Here's a duck and goose set made from some honey locust that I got from David Dobbs. I have never seen HL with this much figure.

http://i146.Rule #2/albums/r279/brentwin/85e9e6f0-d7f1-4ad6-a1be-9c3b22c7f17c_zpsba87f188.jpg


----------



## Kevin (Oct 20, 2013)

Beautiful. I almost dropped a small HL that is dying yesterday, but even dying wet HL is heavy and my back was already protesting. Those are beautiful calls and I agree HL is not a species you often see with lots of figure. Beautiful work Brent, as always. You are one of my favorite call makers and there's a lot of very talented ones here.


----------



## DavidDobbs (Oct 20, 2013)

Very nice calls Brent!
Wife and I was Splitting some HL yesterday Lots of it had wild grain. She would just shake her head. When I would stop and look at each one. :wacko1:

Dave


----------



## BrentWin (Oct 20, 2013)

DavidDobbs said:


> Very nice calls Brent!
> Wife and I was Splitting some HL yesterday Lots of it had wild grain. She would just shake her head. When I would stop and look at each one. :wacko1:
> 
> Dave



We have to admit it, there is something very wrong with us :wacko1:

If you have any more call banks like the last batch, put me first on the list for some more.

Thanks
Brent


----------



## BrentWin (Oct 20, 2013)

Thanks Kevin, I appreciate the compliment.

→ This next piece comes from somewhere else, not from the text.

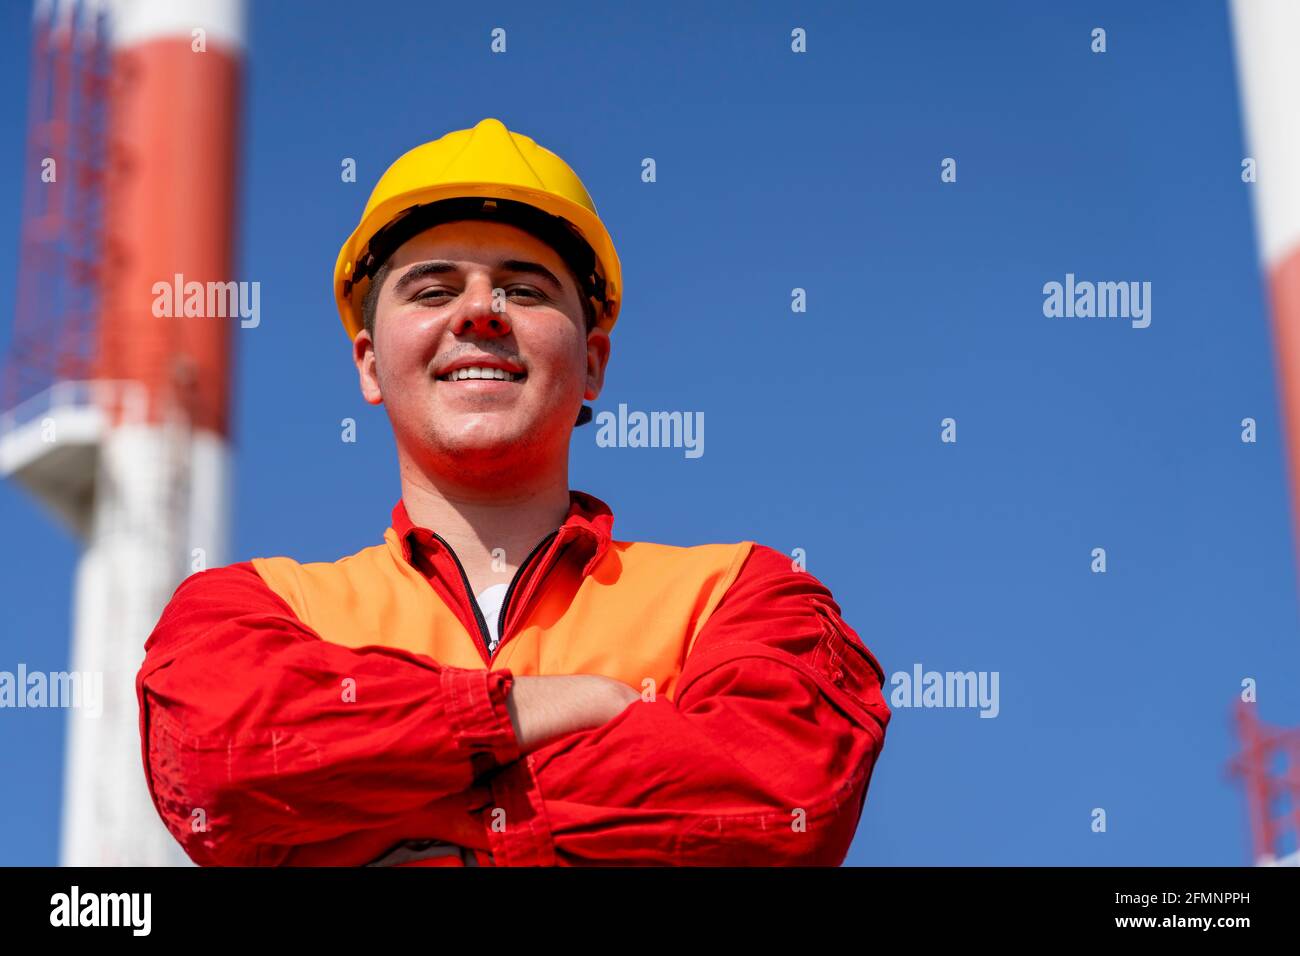 Porträt eines jungen Arbeiters in Red Coveralls und Yellow HardHat gegen die Schornsteine des Kraftwerks und den blauen Himmel. Lächelnder Arbeiter in schützender Arbeitskleidung. Stockfoto

I hope that I can encourage others to give calls a try. If I can do it, it can't be rocket science.


----------



## haddenhailers (Oct 20, 2013)

Brent great looking calls sir! Got some pieces at the house I may try!

Andrew


----------



## Woodman (Oct 20, 2013)

Those are great looking calls. I don't make gamecalls but I use crosscut HL for knife handles and it's one of my favorites for strength and beauty. Crosscut oak also.


----------



## myingling (Oct 20, 2013)

Nice work ,,,that is some good lookin wood


----------